It’s not taxes, but Republican myths about them, that hurt Louisiana

By Robert Mann

It’s one thing to say taxes are too high. That’s a subjective judgment dependent on what you believe the government should provide. It’s quite another thing to argue tax increases always destroy jobs or that tax cuts reliably create more of them.

If you make that assertion, you should have more evidence than faith. Unfortunately, those pitching tax cuts as an elixir for state economies are selling snake oil.

The perennial struggle over taxes is now playing out in Baton Rouge. In particular, legislators are debating Gov. John Bel Edwards’ plan (the centerpiece of which is dead) to reform Louisiana’s antiquated tax system and replace the $1.4 billion in temporary tax increases lawmakers passed last year.
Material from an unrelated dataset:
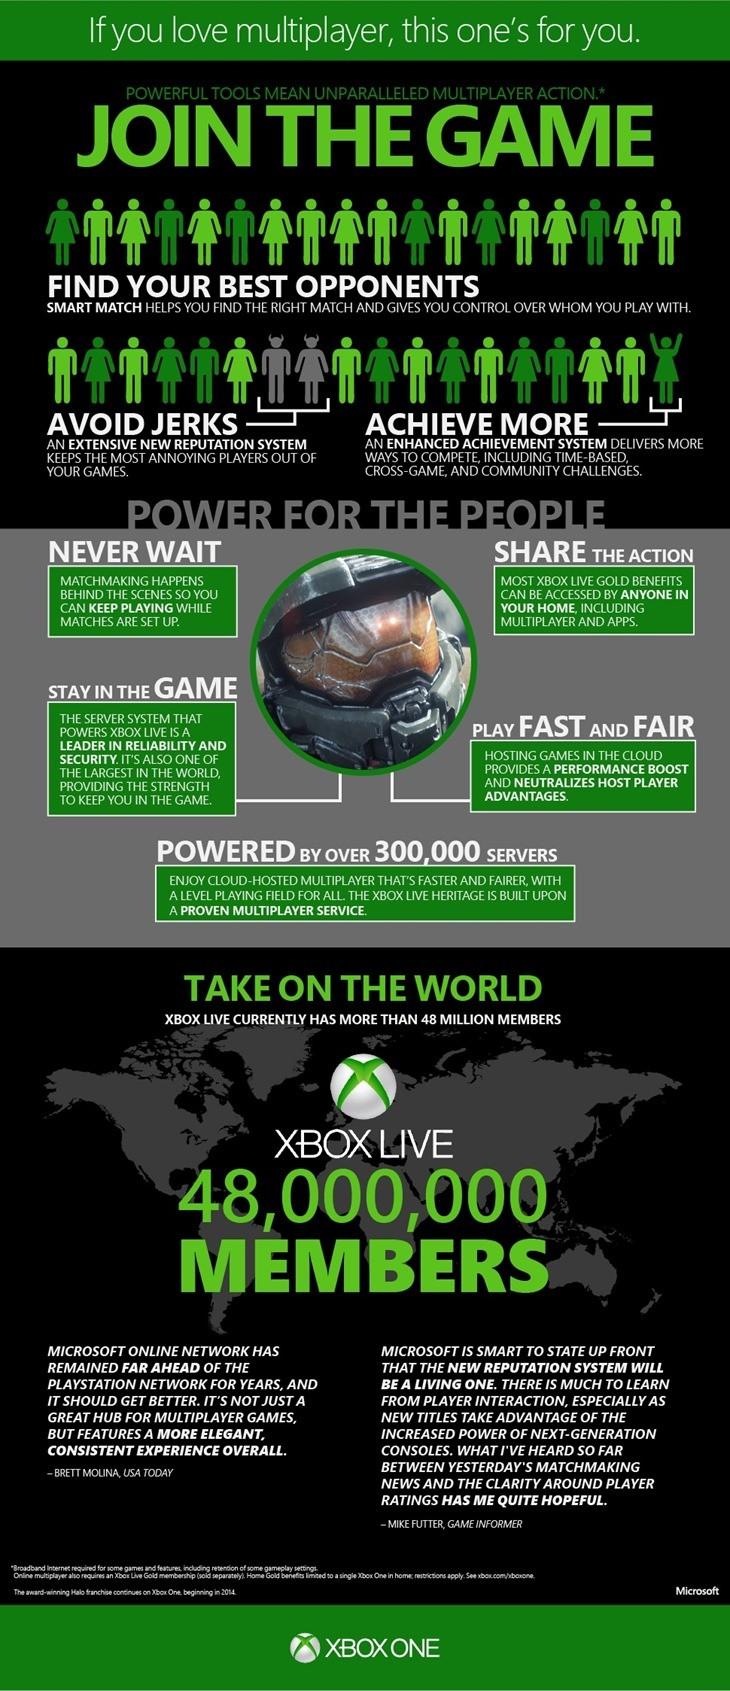 XboxOne_multiplayer_r7t3_ml (1)

Opponents — mostly Republicans — object to any tax increase, especially on business. Unfortunately, the governor’s ill-fated plan conflicted with two tenets of Republican orthodoxy: Tax increases are always bad, but business taxes are even worse because they kill jobs.

“If the business community is forced to pay additional taxes to maintain the current or even higher levels of government spending,” the Louisiana Association of Business and Industry (LABI) asserts, “we will have fewer resources available in the private sector to continue to create jobs, invest new capital in our businesses, and make the other necessary investments for them to grow and expand the private sector.”
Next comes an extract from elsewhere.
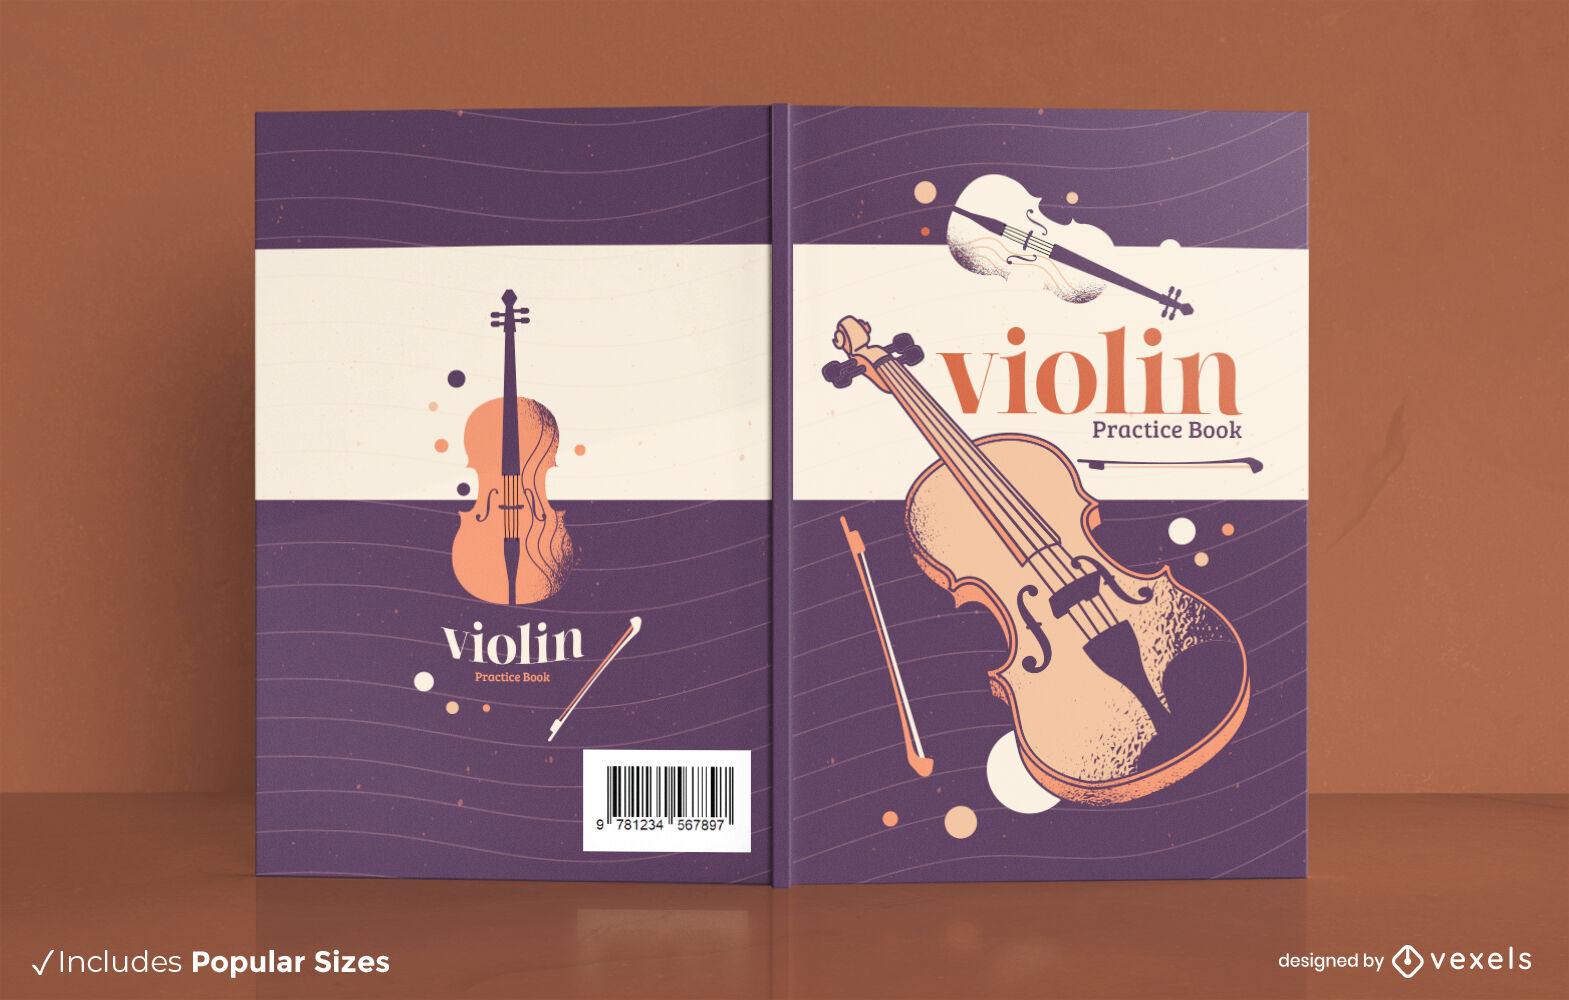 Violin music instrument book cover design

One problem with this tax phobia is that GOP ideology about raising revenue keeps crashing into reality. Maybe Louisiana Republicans and LABI suffer from short-term memory loss. It wasn’t long ago that lawmakers slashed personal income taxes by $800 million a year and showered businesses with billions in credits and exemptions.

Did I miss the unprecedented economic boom that blessed our state? Last I looked, we had the nation’s fourth-highest jobless rate — 5.7 percent.

So, is Louisiana’s high unemployment caused by excessive business taxation? Probably not. In fact, of the 12 states with the highest business taxes, all but Alaska (which, like us, suffers from low oil prices) have lower unemployment rates than Louisiana.

The jobless rates in some of these high-tax states are much lower than Louisiana’s. For example, Iowa has the highest corporate tax in the country — a top rate of 12 percent compared to Louisiana’s 8 percent — but its 3.1 percent unemployment rate is almost half Louisiana’s and the eighth-lowest in the nation.

Continue reading on NOLA.com at this link.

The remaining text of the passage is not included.